Page MenuHomePhabricator

[LV] Use SCEV to check if the trip count <= VF * UF.
Needs ReviewPublic

Authored by fhahn on Aug 31 2022, 6:05 AM.



Just comparing constant trip counts causes LV to miss cases where the
vector loop body only executes once.

The motivation for this is to remove the need for unrolling to remove
vector loop back-edges, if the body only executes once.

It requires using non-recursive SCEV reasoning, as at this stage the CFG
is incomplete and only reasoning based on existing expression can be
used.
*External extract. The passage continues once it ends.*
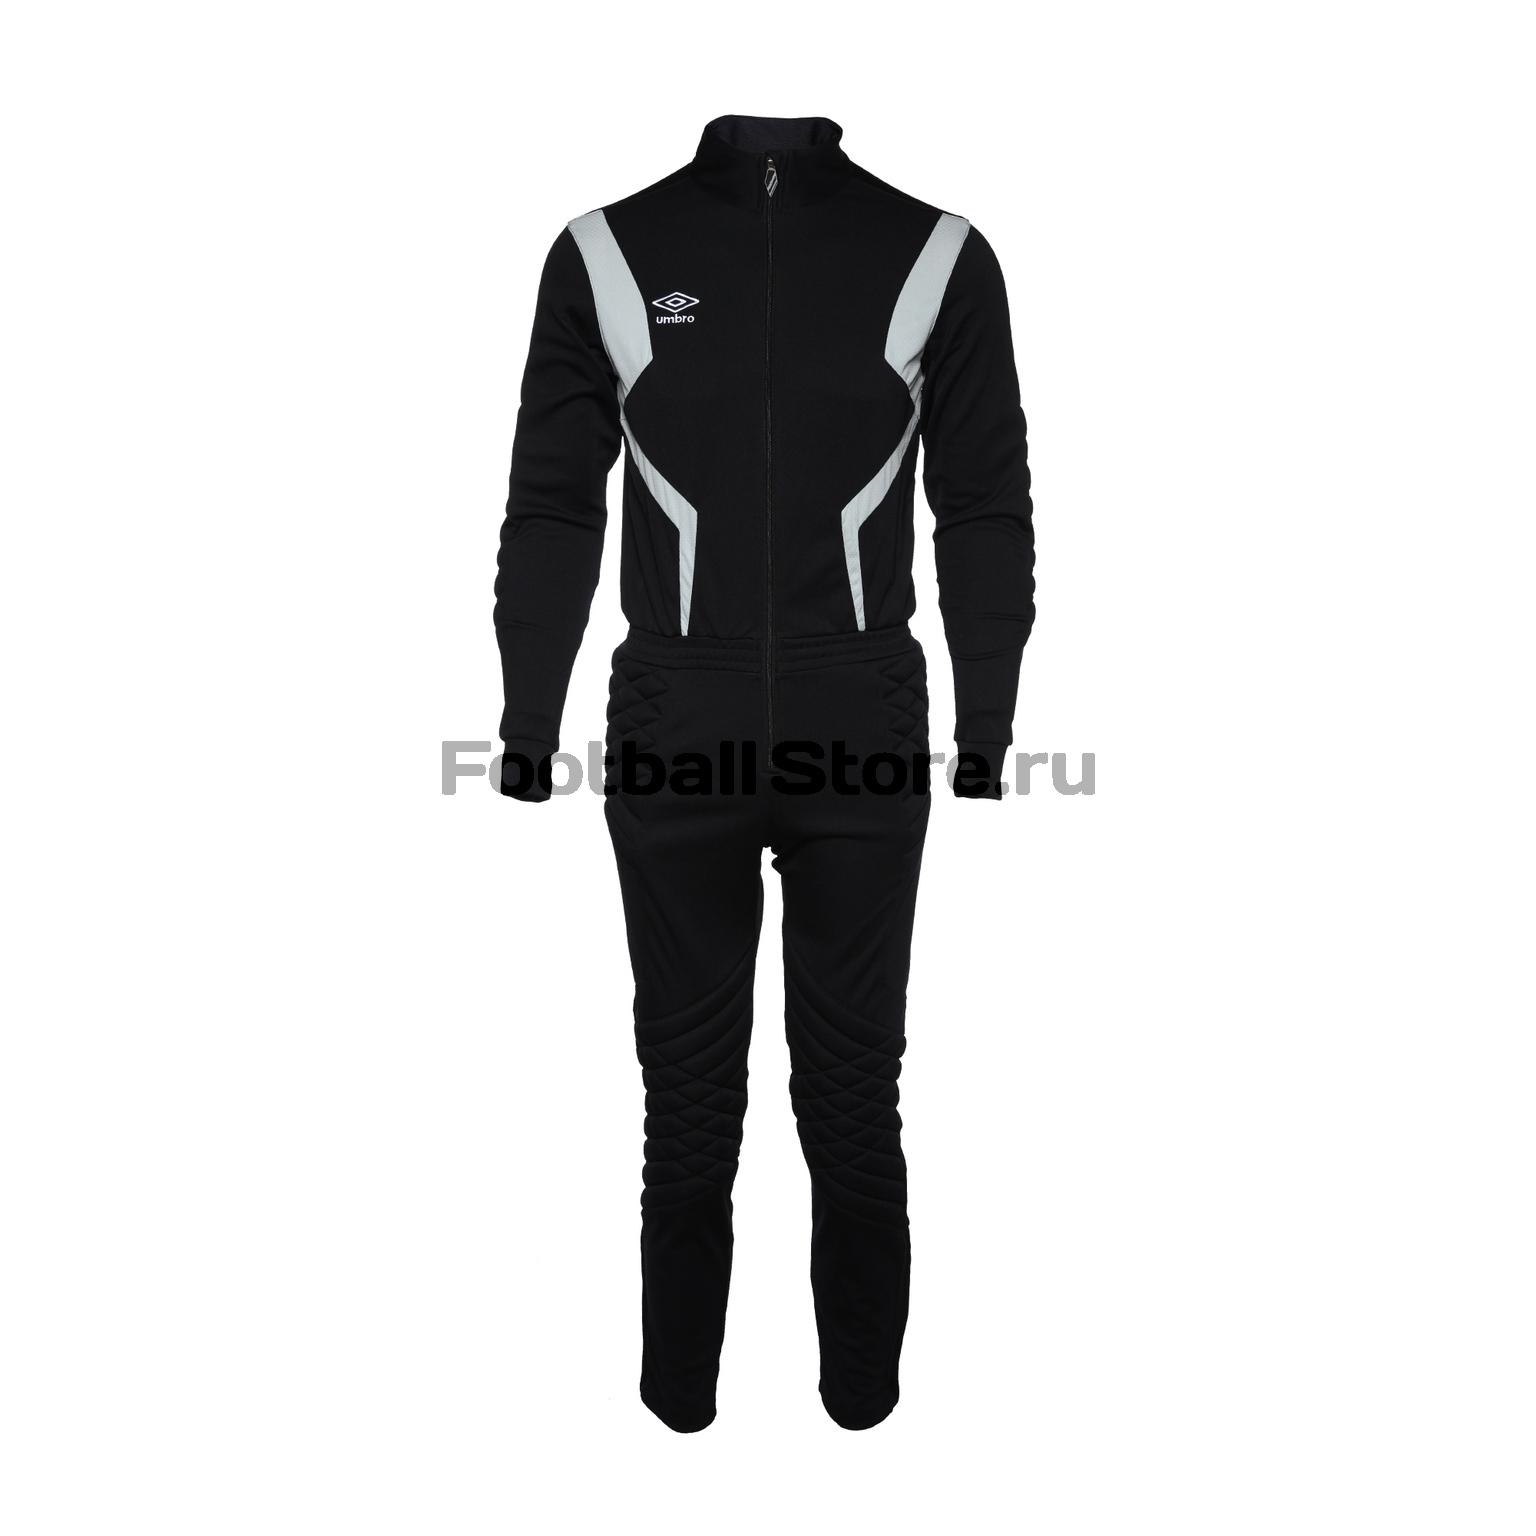 Комбинезон вратарский Umbro GK Padded Suit 200114-681 from panamax to panamix
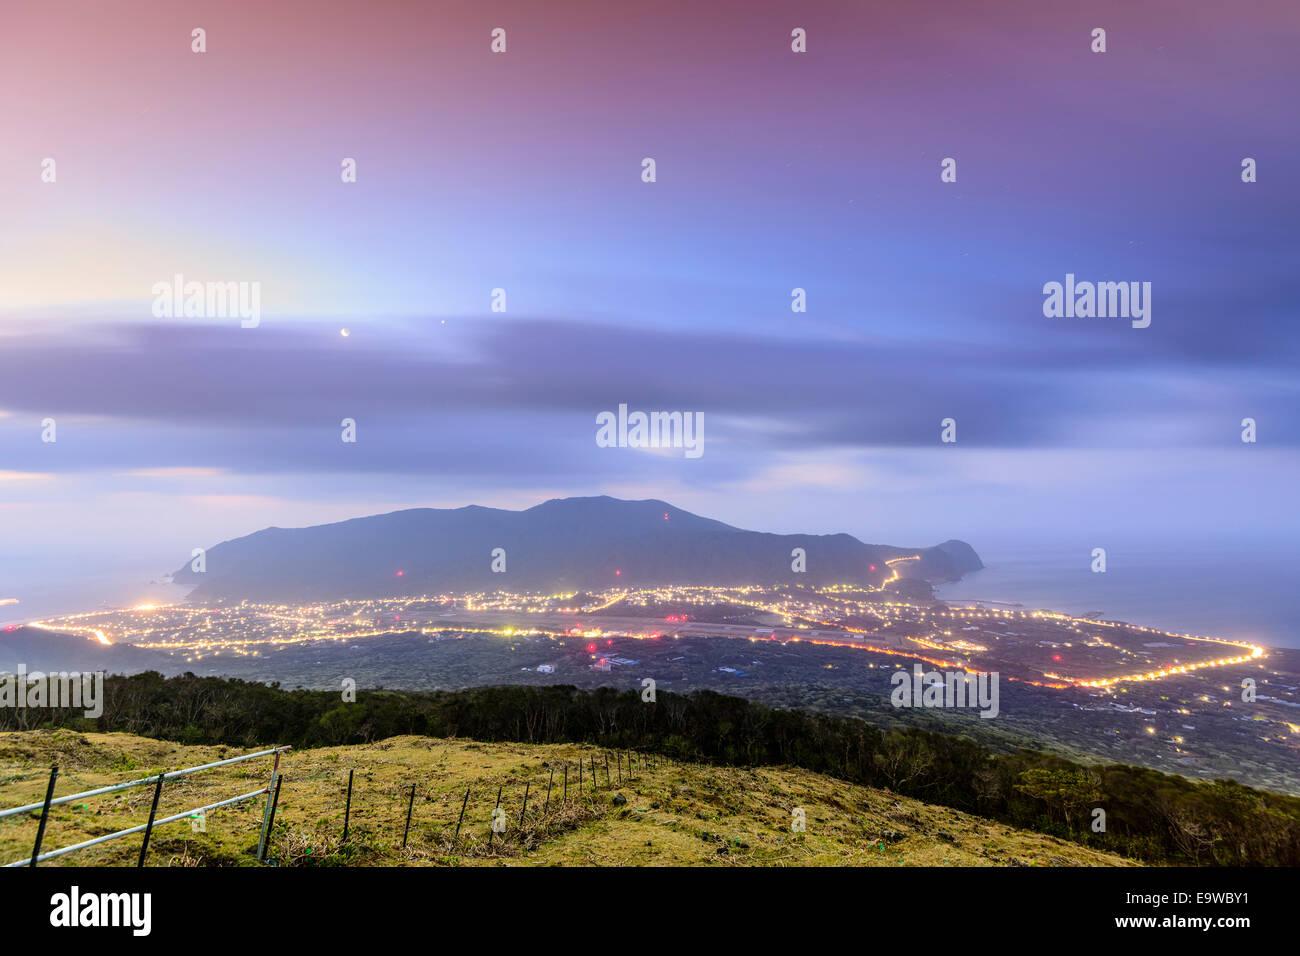 Hachijojima Island, Tokyo, Japan at dawn. - Stock Image

In particular, more complex strategies like proving via induction
cannot be used, as LI/DT may be out of date.

Alternatively the result of the check could be computed earlier.

Diff Detail

Event Timeline

fhahn created this revision.Aug 31 2022, 6:05 AM
Herald added a project: Restricted Project. · View Herald TranscriptAug 31 2022, 6:05 AM
fhahn requested review of this revision.Aug 31 2022, 6:05 AM
Herald added a project: Restricted Project. · View Herald TranscriptAug 31 2022, 6:05 AM
reames added inline comments.Aug 31 2022, 1:29 PM
608 ↗(On Diff #456943)

Please don't change the SCEV interface for this. Just use isKnownPredicate. You don't care if the reasoning is recursive or not.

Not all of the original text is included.